New York’s Cannabis Tax Could Help Pave the Way for Federal Legalization

States that tax marijuana ad valorem – that is, with price-based taxes – are not advancing the work needed for federal legalization.

I was recently quoted in an article by in Law360:  (possible paywall).

Here’s an excerpt: 

Pat Oglesby, founder of the tax policy nonprofit Center for New Revenue, said the uniqueness of New York’s model stretches outside of U.S. borders, noting that Canada taxes nonsmokable cannabis at 1 Canadian cent per milligram of THC, but still taxes flower with a weight-based tax of CA$1 (80 U.S. cents) per gram. New York’s tax per milligram of THC is “revolutionary” for raw plant matter, he said.

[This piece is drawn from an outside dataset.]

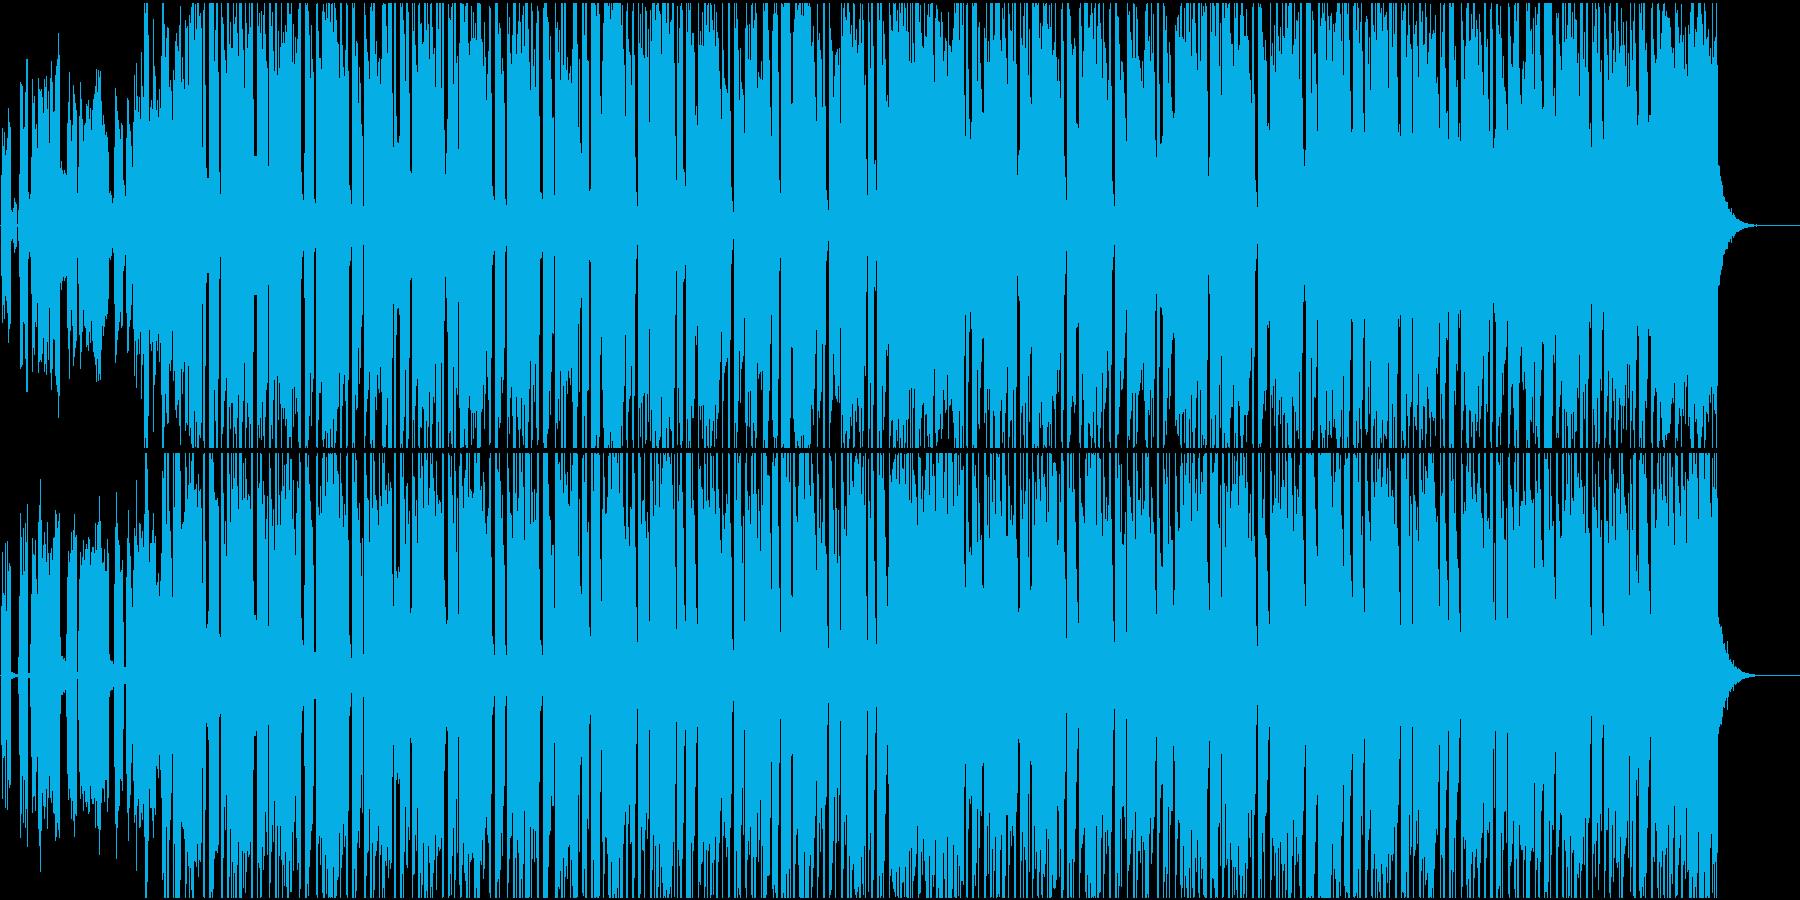 夏プロモ映像BoomBap系ヒップホップの再生済みの波形

“We don’t know the best way to tax cannabis, and New York is starting a bold and radical experiment,” Oglesby said. “It’s the first jurisdiction in the world to tax cannabis flower or bud — smokable plant matter — by THC content.”

Oglesby said New York’s experiment could be important if the federal government ever allows such sales, noting that the U.S. has virtually no excise taxes on products except items like tobacco or alcohol.

“A THC potency tax experiment may let the federal government see a way forward toward cannabis legalization nationally,” Oglesby said.


Well, the next-to-the-last paragraph doesn’t quite get the technicalities right.  It would more correctly read:

. . . New York’s experiment could be important if the federal government ever allows cannabis sales, noting that the federal government has virtually no ad valorem (percentage of price) excise taxes on tobacco or alcohol.  

The point is that the federal government is very unlikely to tax cannabis ad valorem, as the MORE Act proposes.  States like New York that experiment with methods other than ad valorem are showing the federal government possible paths forward for ways to tax cannabis – which will probably be a key requirement for legalization.

Fine point:  Alcohol is taxed by the gallon or by alcohol content; tobacco is taxed by weight, with the minor wrinkle that “large cigars,” those that weigh more than 3 pounds per 1,000, are taxed by weight, with an ad valorem cap.  “ Large cigars are taxed at 52.75 percent of the manufacturer’s sales price, with a maximum tax of 40.26 cents per cigar.”  (The federal government has several other excise taxes, like that on gasoline, and some ad valorem excise taxes, like those on airline tickets and indoor tanning.)